The XHTML WYSIWYG Editor For Desktop & Web Applications

Why XHTML is best for CMS (content management systems)

Web browsers are designed to render just about anything that looks like HTML. Taking advantage of this, most WYSIWYG editors generate markup that is poorly constructed. They don't follow best practices or even current specifications. So since browsers are so good at rendering poorly constructed HTML, do we really need to bother writing good quality markup?

The answer is Yes!

Although good markup is not important to browsers, it is very important to content management systems (CMS). Content management systems and developers that build solutions around them need to parse, analyze and modify content generated by WYSIWYG editors. The ability to do this programmatically outside the WYSIWYG editor is called automation. Examples of automation include:

  • Before content is saved, the CMS checks if the content contains headings (h1 to h6) and if headings are missing, it informs the user.
  • Before content is saved, potentially unsafe markup is removed, such as script, which might have been added unintentionally during a cut-and-paste operation.
  • Before content is saved, the CMS does a word count on the textual content (not including markup) and lets the user know if the content is too short or too long.
  • Before content is saved, the CMS adds or removes the attribute rel="nofollow" to hyperlinks, depending on whether they point to an external site or not.
  • Before content is saved, images that are no longer referenced by any document are removed from the CMS.
  • During a Web site redesign, developers need to migrate content from one page layout to another. In this process, long documents can be split into separate smaller documents to create pagination.
  • At run-time, temporary advertisements can be inserted into the content, for example after the first paragraph.
  • A change in a CSS file requiring modifications to thousands of documents is open to automation when markup is well constructed.
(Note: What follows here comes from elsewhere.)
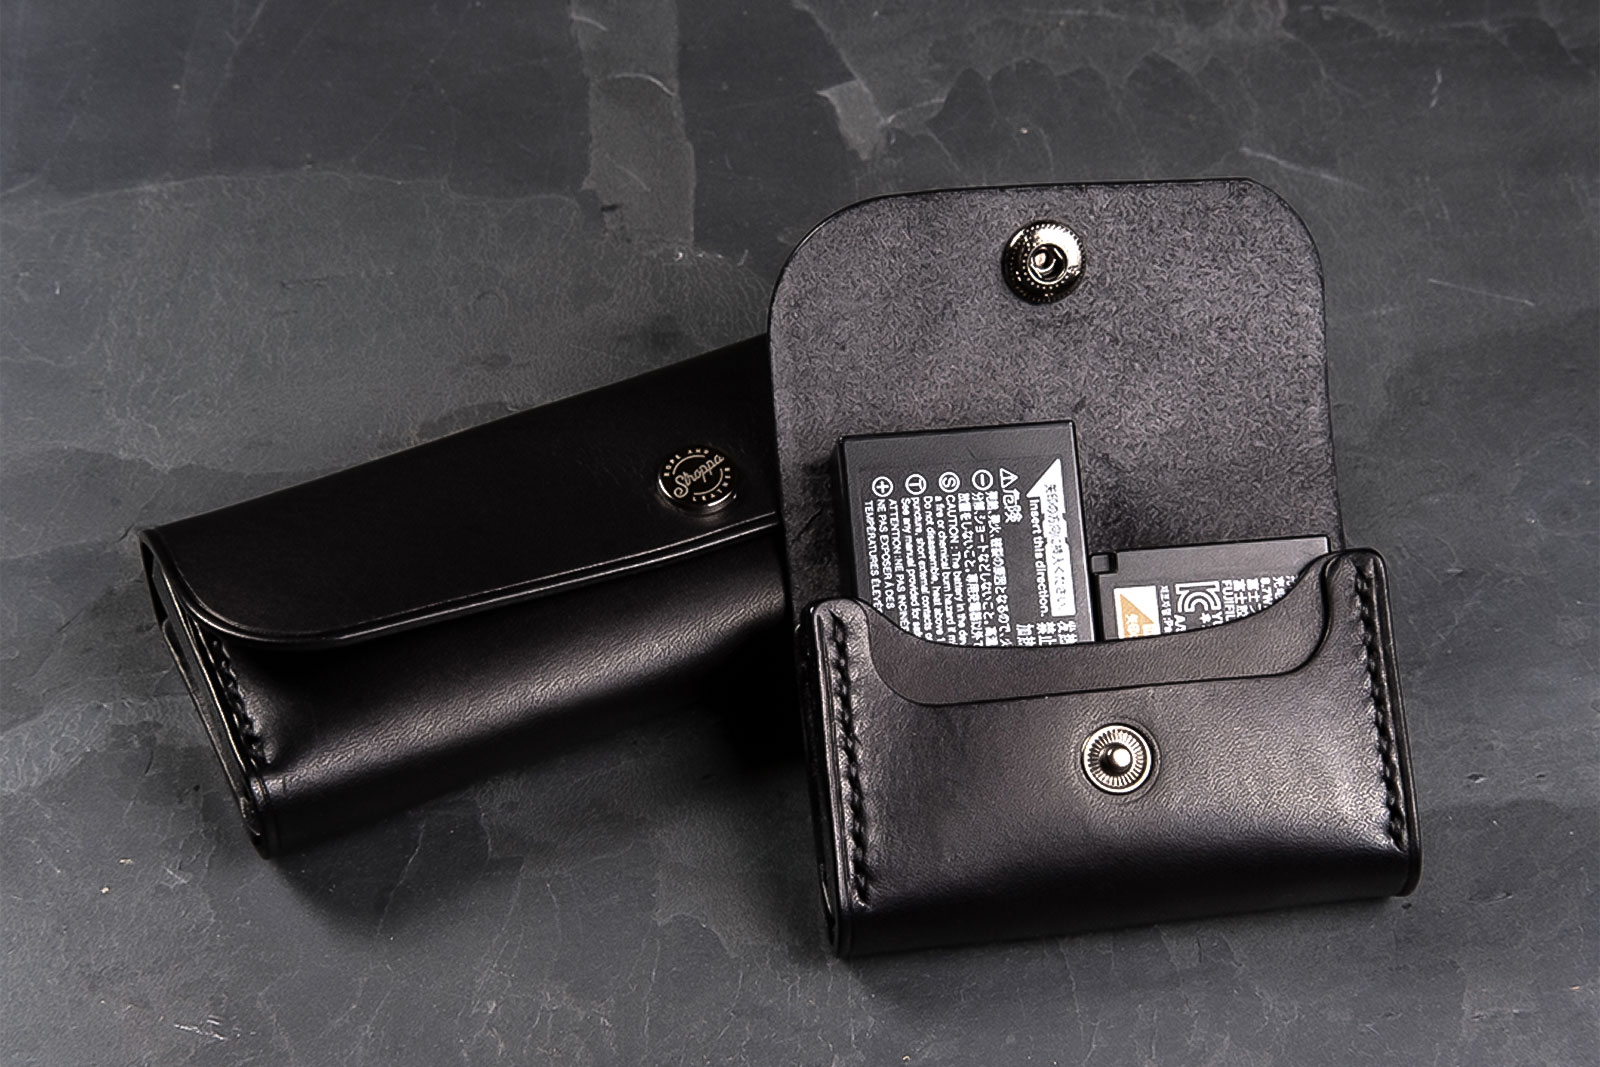 KNICKS Cordura Ballistic Fabric Hollow Tool Bag for Stepladder BA-KTB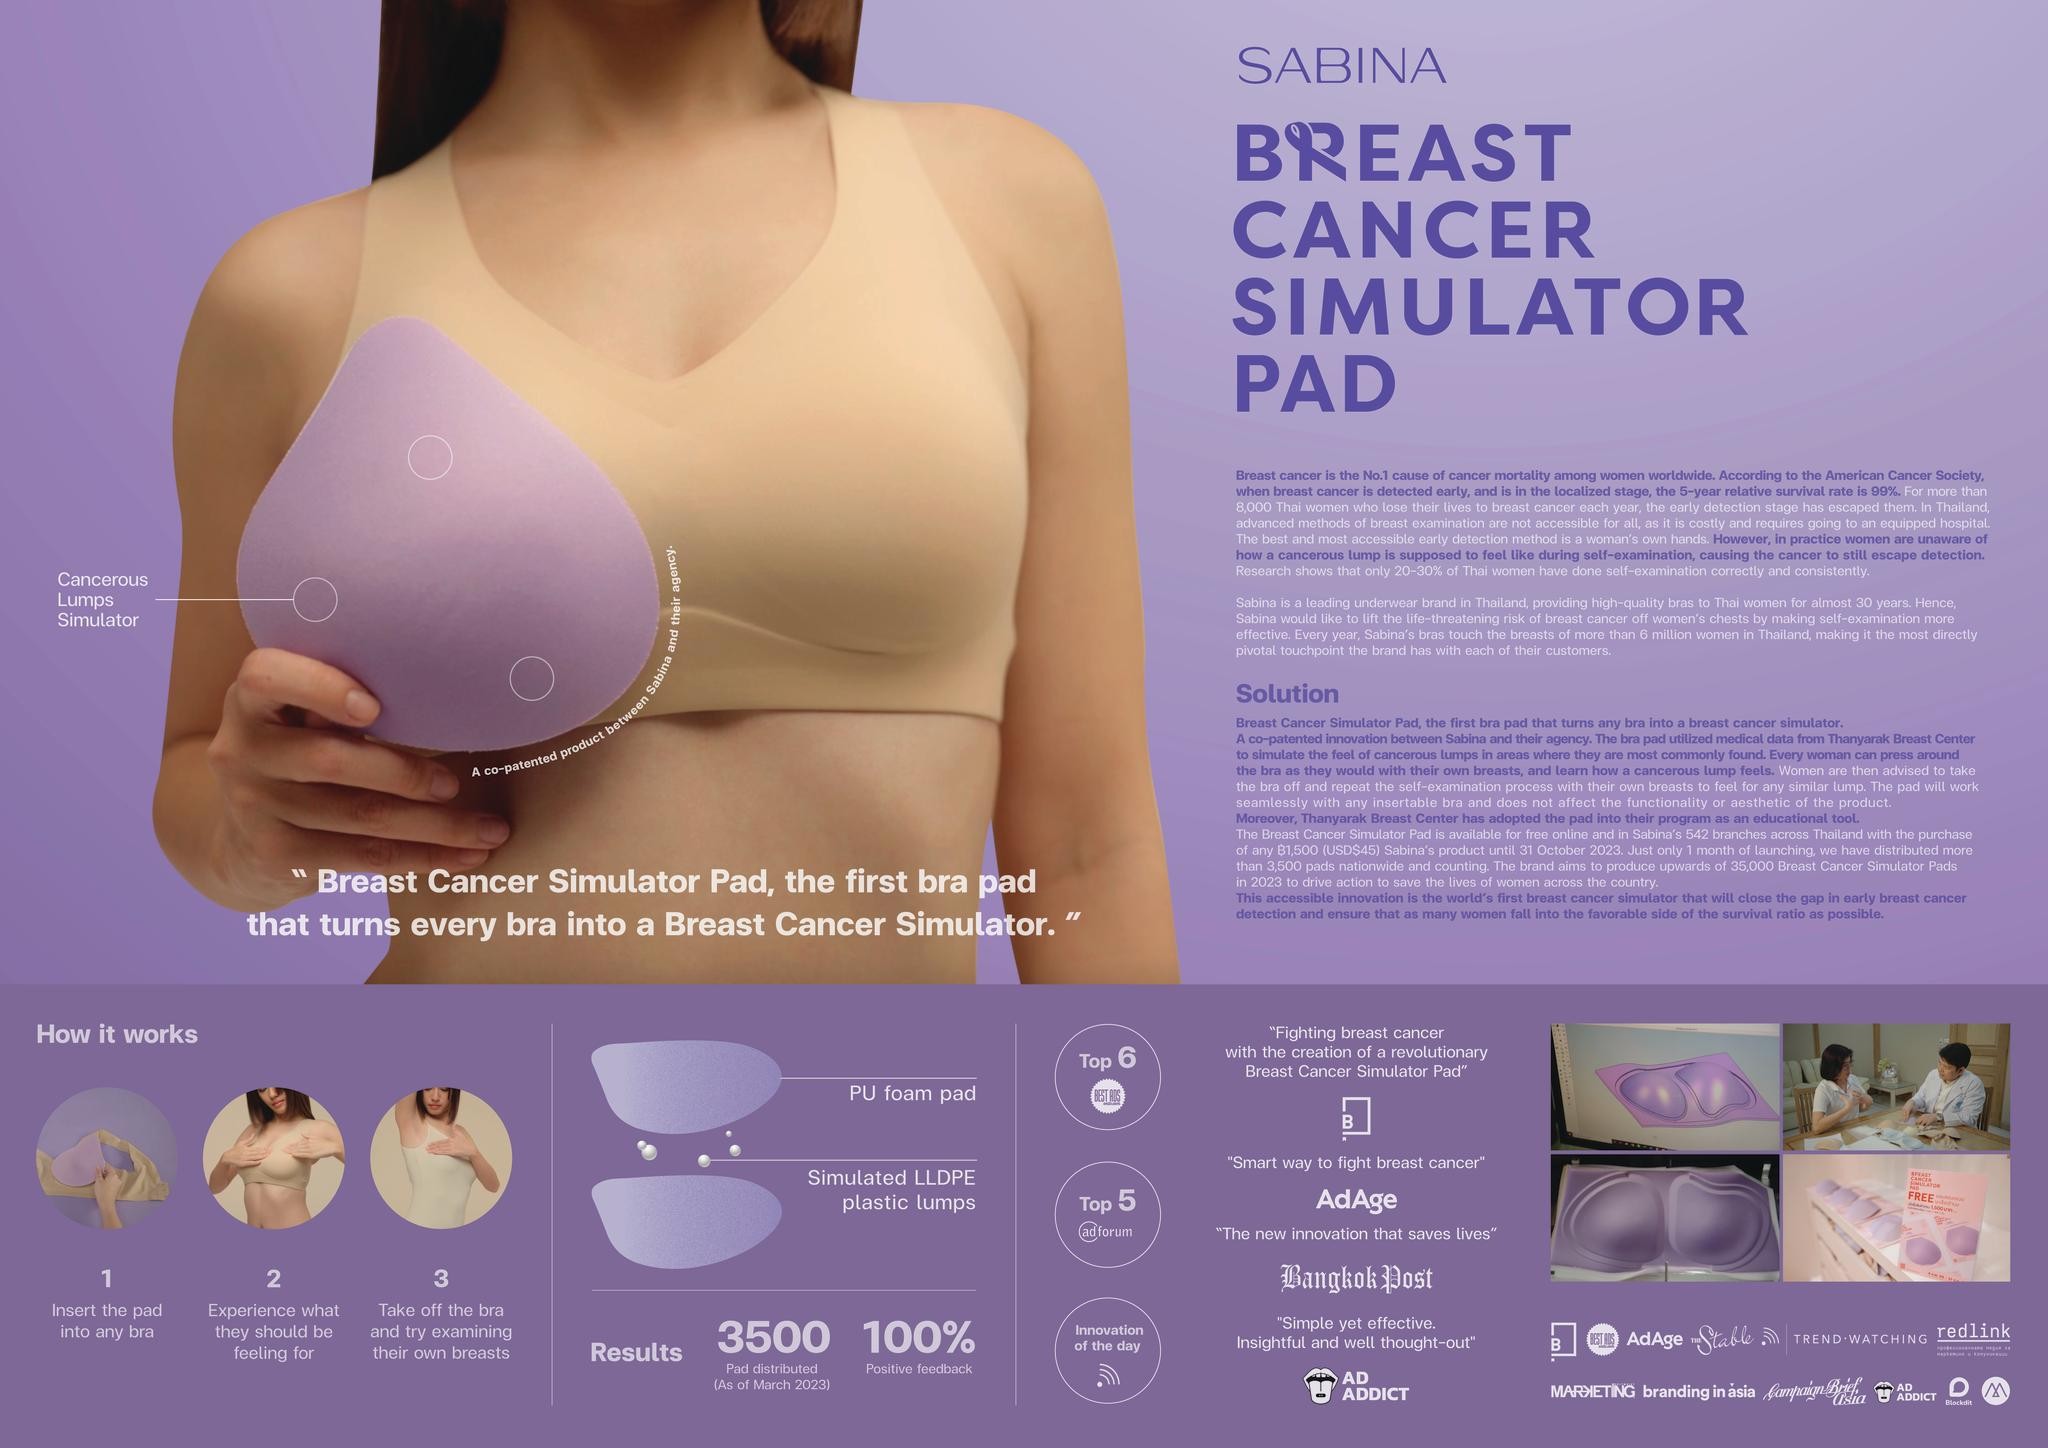 Breast Cancer Simmulator Pad

What do we mean by "good markup" anyway?

We really mean markup that is useful for a given purpose. And for content management systems, the most useful markup is markup that has the following characteristics:

Markup that is authored in a consistent style
Consistent style can include markup that is written in the same case (i.e. lowercase). It includes elements that are closed in the same way and attributes that are quoted in a consistent way. Consistent style reduces the amount of work programmers need to do in order to manipulate markup. For example, for simple operations, consistent style can allow developers to use a basic replace() function to adjust markup, instead of more complex methods such as regular expressions, or XSLT.
Markup that is free from syntax errors
Markup free from syntax errors reduces the amount of work programmers need to do in order to manipulate markup, because developers do not need to write code to check for certain types of errors.
Markup that is semantic
Markup that uses semantic elements rather than formatting markup (font or div / span elements with inline CSS) provides programmers with what are called parsing hooks. It is then much easier to write rules that use these parsing hooks.
Markup that can be manipulated by off-the-shelf tools
To make it easy to manipulate markup programmatically, developers need to have access to a wide variety of tools that work in different development environments.

XHTML authoring tools encourage "good markup"

Good markup can be constructed from HTML. Unfortunately, this rarely happens, because HTML WYSIWYG editors don't impose on themselves the rules of HTML or best practices. On the other hand, because XHTML editors have to follow the strict rules of XML, they often impose on themselves additional rules and best practices. In this way, XHTML authoring tools better meet the needs of content management systems.

WYSIWYG editors that generate XHTML meet the characteristics of "good markup" for content management systems because:

Markup is authored in a consistent style
All elements and attributes are written in lowercase. All attributes a quoted. All empty and non-empty elements are closed in a consistent way. Some XHTML WYSIWYG editors go even further. For example, XStandard will put attributes sorted alphabetically.
Markup is free from syntax and nesting errors

The rules of XML ensure that XHTML markup is free of syntax and some types of nesting errors. For example, markup generated by an XHTML editor will never have the following errors:

Incorrectly escaped content: <p>Able & Baker Inc.</p>

Incorrect nesting: <span><em>Look out!</span></em>

Markup is semantic
Although HTML is identical to XHTML when it comes to semantics, HTML WYSIWYG editors don't encourage the use of semantic markup, while XHTML WYSIWYG editors, such as XStandard, steer content authors towards using semantic markup.
Markup can be manipulated by off-the-shelf tools
XML DOM parsers, XSLT and SAX, can manipulate XHTML. These tools are available in practically every popular programming language such as C#, Visual Basic, VBScript, JavaScript, PHP, Java, C++, etc. Compared to the number of tools that can manipulate XML, the number of tools that can manipulate HTML is very limited.

Conclusion

Good markup is important to content management systems because it gives developers the ability to manipulate content programmatically, outside WYSIWYG editors, through automation. Markup generated by XHTML WYSIWYG editors tends to be better for content management systems than markup generated by HTML WYSIWYG editors, thanks to XML rules and best practices that XHTML tool vendors are able to incorporate in their products.